Александр Быков - Чепель. Славное сердце
Через ещё пару дён после этого случая из разведки по следам Максимилиана Кудеяр прискакал снова возбуждённый. Из глаз молнии сверкают.
— Вершко! Я проследил за «мордой». Он был у Войцемежа в Ломже!
— Как ты видел?
— Из-за открытого окна слушал! Как муха висел на карнизе.
— И что говорят?
— …!!! У Войцемежа был немец, я его не видел, только слышал — мощный голос — могучий воин. Они разговаривали втроём с «мордой». Войцемеж за мзду от грабежей собирается пропустить немцев на нашу землю!
— … Говори дальше!
— Это всё. Трепались много, хаяли нас «язычников»… Я не рискнул сразу и в одиночку на них бросаться.
— Это… да-а… Ты уверен?
— … Своими ушами!
— Как же это, а?.. Как же можно было? Он же мир утверждал!..
— Так вот!.. Видно думает, раз он не сам идёт, так это можно. Вероломец!
— Любомир не поверит.
— Да я сам себе плохо верю… Но так и было.
— И как раз когда войско ушло!
— Может у «морды» здесь глаза и уши? Не зря приезжали с саксом в Белую Вежу.
— Ну не сакс же…
— Кто-то другой, а может несколько… Хотя, до сих пор никого знакомого у «морды» я не видел.
— Эту мысль надобно домыслить…
— Думаешь на кого-то?
— Думаю… не передавай никому… На Гордея!
— Ух ты!.. Так ведь он справный воин… Князя вон на охоте выручил.
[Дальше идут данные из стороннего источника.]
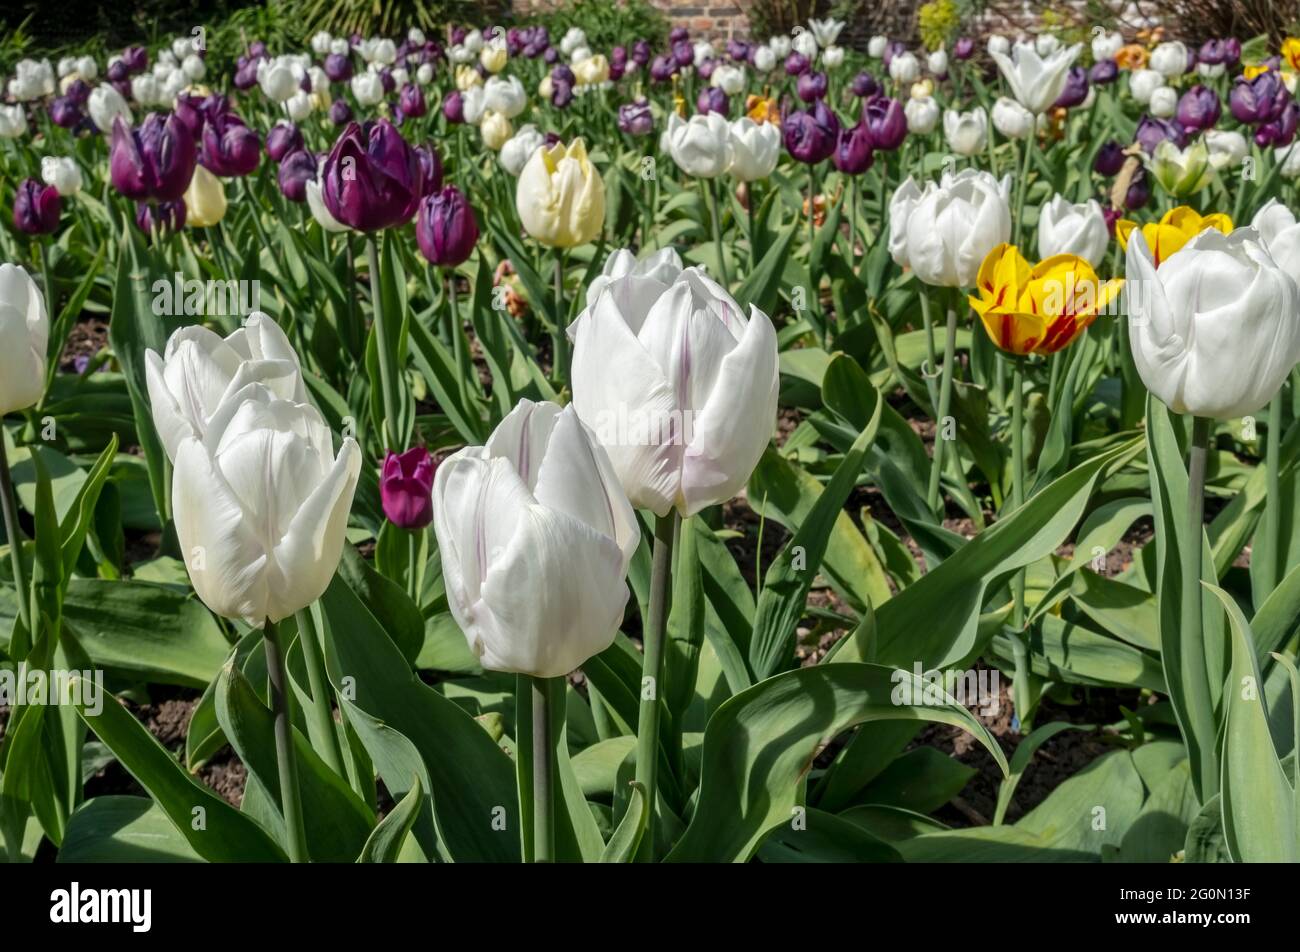 Gros plan de tulipes violettes et blanches fleurs fleuries dans un jardin frontière au printemps Angleterre Royaume-Uni Grande-Bretagne Banque D'Images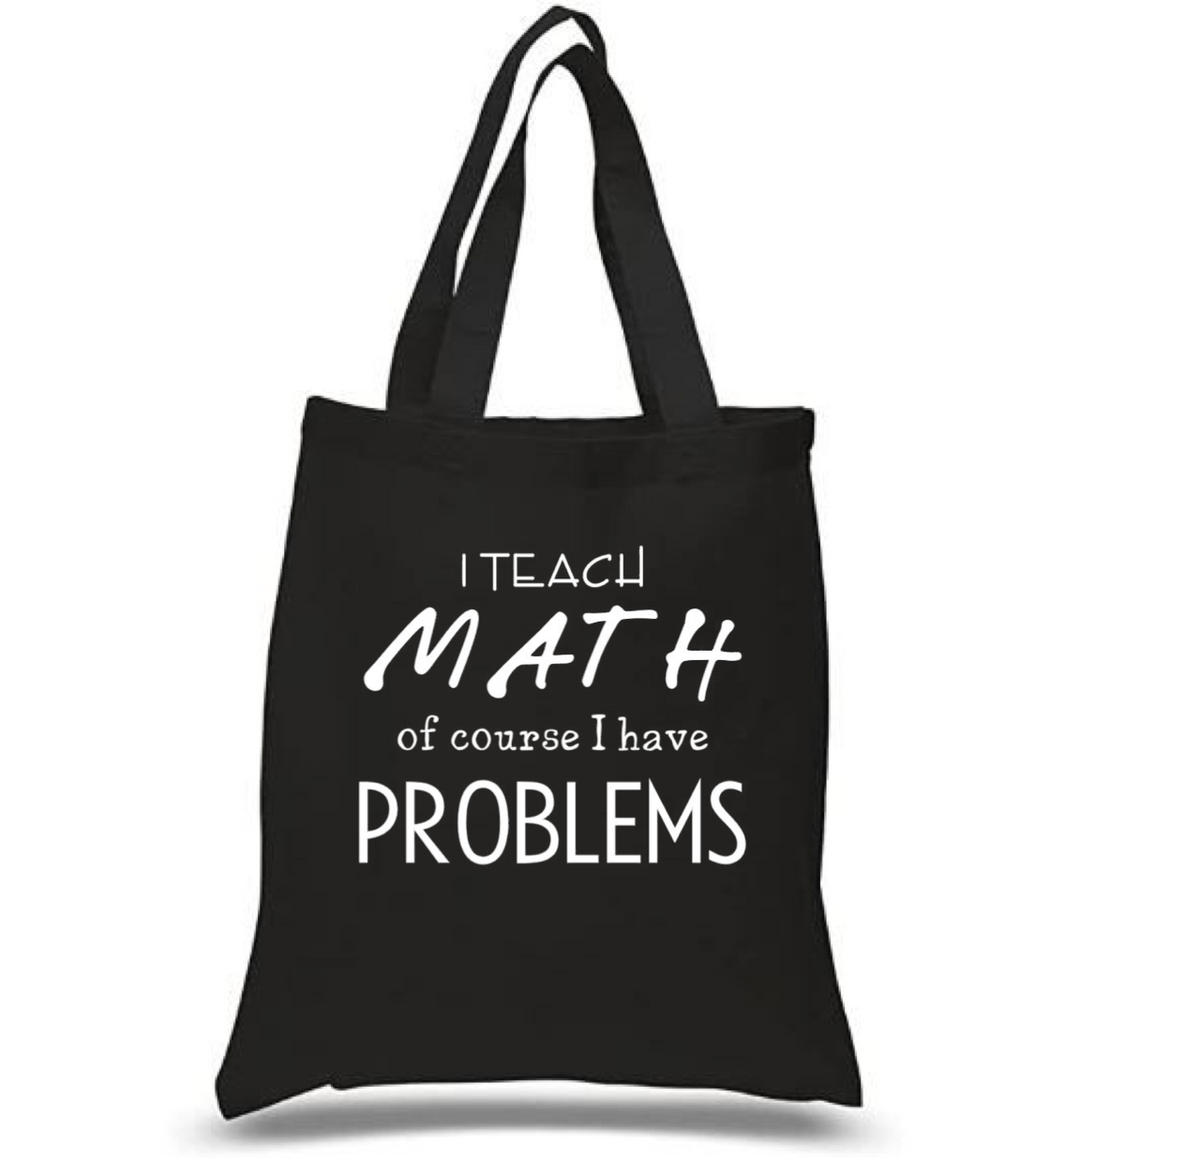 Tote Bag: I Teach Math Problems

— Справный то справный… Не верю ему…
— … Вершко, прости, не серчай, скажу тебе: может, ты из-за Радуницы зуб на него имеешь? Если человека не любишь, легко его и предателем представить.
— Кудеяр, ты мне друг… Правильно говоришь… Нет доказательств… Но вот когда нас на волковысской дороге чуть не перебили, на него был ТОТ похожий! Что топор метал. Я тебе говорил. Это же знать надо было про нас всё!..
— Ну давай мы за ним внимательнее посмотрим!
— … Давай… посмотрим… И много ли будет немцев?
— Этого не слышал я, Вершко.
Через полчаса Вершислав докладывал Любомиру:
— Мой светлый князь, Максимилиан Ипполит, за которым мы следим, в сговоре с паном Войцемежем Ломжицким. И Войцемеж с его участием сговорился пропустить через себя войско немцев.
— Куда?
— На нас.
— Не может быть!.. Наше войско уже в Киеве…
Глава тринадцатая. Беда
Налетели серые балахоны. Метали ножи и стрелы. Мечами и топорами торили дорогу к чужому добру. Чертили черты кровью. Резали резы по живому. Слагали слова смерти из голов. Отнимали то, что не давали. Кричали тем, кто не слышит. Хотели то, что не можно. Ни зверю, ни гаду, ни человеку.
И некому было поднять меч на меч. Некому было поставить щит. Некому было потушить огонь. Некому было загореться пламенем мести и стать сталью обороны. Смрад поднялся как туча. Страх поднялся как гора. Давя и сметая.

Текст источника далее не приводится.